The hard part is editing your Linux filesystem from Windows. FS Driver supports writing ext2, but I don't know of any good tools for ext3 or 4 (and these SU and SF questions aren't encouraging), let alone any other filesystems you may have used on your boot partition

But if you do manage to get write support for your boot partition from Windows, actually changing the saved default is easy. First you need to do some prep work in /boot/grub.conf. Change default to saved, and add savedefault 0 (where 0 is Fedora's index in the GRUB configuration) to the Windows block so booting into Windows will reset the saved default back to Fedora

Then from Windows you can edit /boot/grub/default. Delete the line that's there (it'll be default or 0 most likely), and change it to 1 or whatever the index of your Windows install is. When you restart, GRUB will read that file (since your default is saved) and boot into Windows, and the savedefault line will change that file back to 0 for future boots

  • 1
    Someone's written a GUI for that: grub-choose-default (Grub 1), grub-choose-default (Grub 2). – Gilles 'SO- stop being evil' Apr 16 '11 at 12:55
  • This worked for me. I had to set my /boot partition as ext2 (it was ext4) and my limited experience doing that made that process take longer than it should have. It looks like these instructions set Fedora as the default (which I don't really want, I just want the ability to control the next boot) so I didn't follow them to the letter, but being able to edit /boot/grub.conf is good enough. – Jimmy Sawczuk Apr 16 '11 at 21:25

If you have a /boot partition formatted as FAT32, you'll be able to edit grub's config file from both OS(es).

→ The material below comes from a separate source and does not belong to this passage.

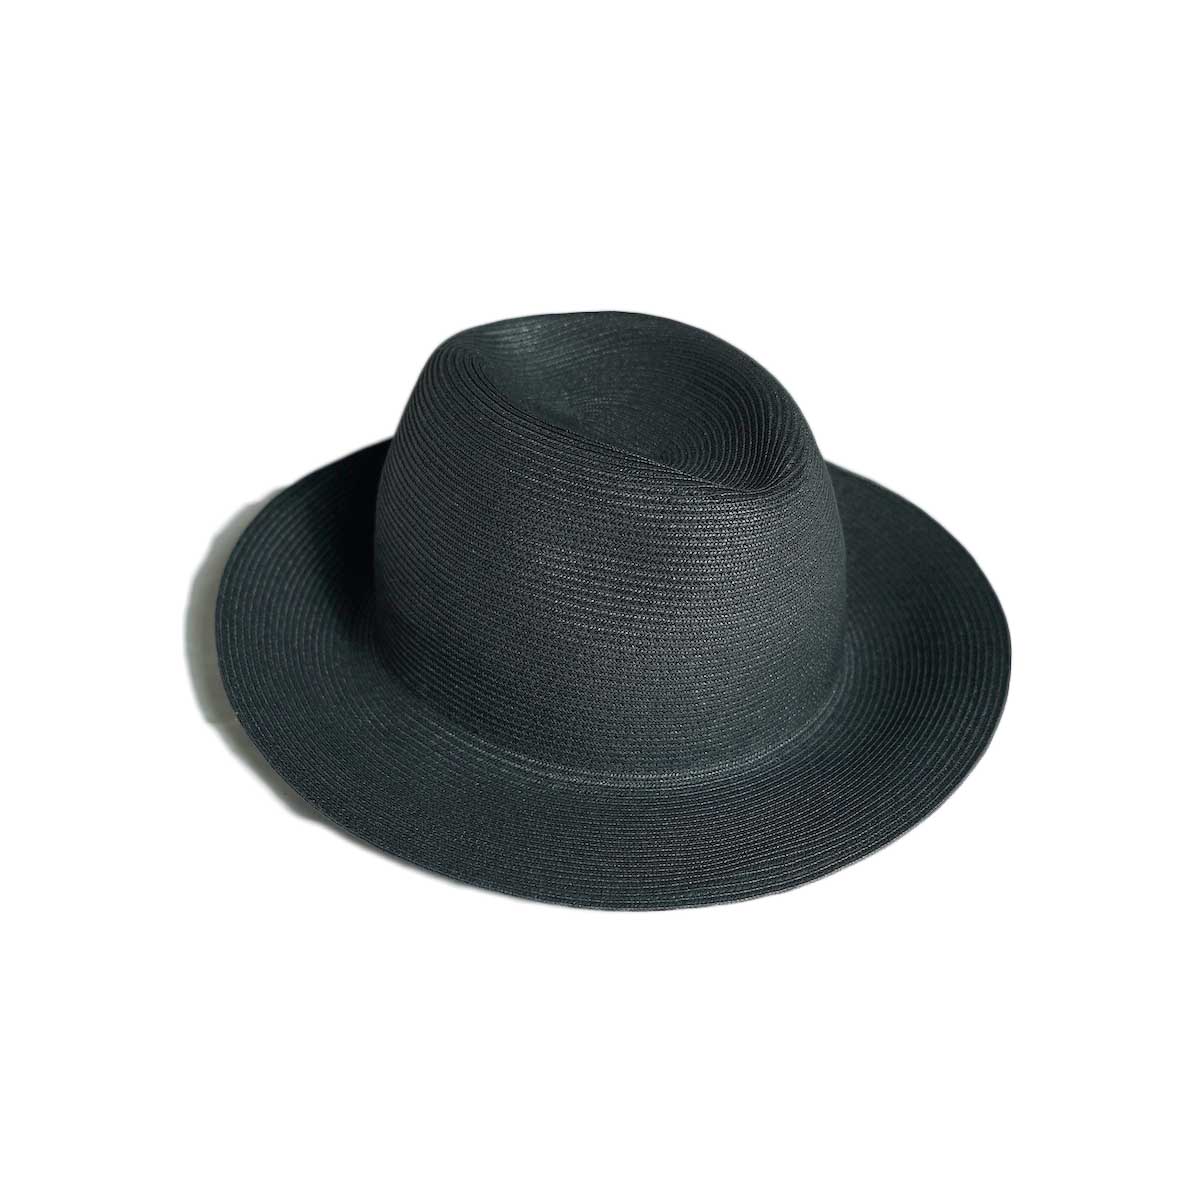 KIJIMA TAKAYUKI / PAPER BRAID SOFT HAT (Black)

You can use Grub2Win or other similar programs as listed here. They offer an easy user interface.

You could also completly remove Grub and boot both systems from the Windows bootloader. In order to do so you need to use tools such as EasyBCD.

  • I assume you mean Grub2Win? :) – Adam Plocher Mar 14 '18 at 0:31
  • Oh, yes, a typo. – skan Mar 15 '18 at 0:11

Find the 'grub' folder in the hard disk and then open menu.lst with notepad now edit default=0 to default=x, where x is one less than the position of the os you want to make default. For Ex. there are three os in a system and you wanted to make the third in the list as default so you will edit it as default=2, as 3-1=2. For second os, default=1.


Mixing different hints:

  1. Under Ubuntu I changed GRUB_DEFAULT=0 to GRUB_DEFAULT=saved and ran update-grub, thus making GRUB use /boot/grub/grubenv file, but I am not setting GRUB_SAVEDEFAULT=true (as it serves another purpose)
  2. I checked available GRUB entries using this command: awk -F\' '/menuentry / {print $2}' /boot/grub/grub.cfg
  3. Later I ran grub-editenv - set saved_entry="Windows 10 (on /dev/sdb1)" choosing one of the available options, so I made Windows start next time as default
  4. Under Windows I mounted Linux (ext4) filesystem using Ext2Fsd
  5. I edited /boot/grub/grubenv manually, commented out with # the previously created line # saved_entry=Windows 10 (on /dev/sdb1) and added a new one saved_entry=Ubuntu.
  6. Under Ubuntu I do it vice-versa, switching between the settings, commenting out the respective line.

I think it's a neater solution than manually editing grub.cfg file directly and menu.lst has been deprecated already some time ago.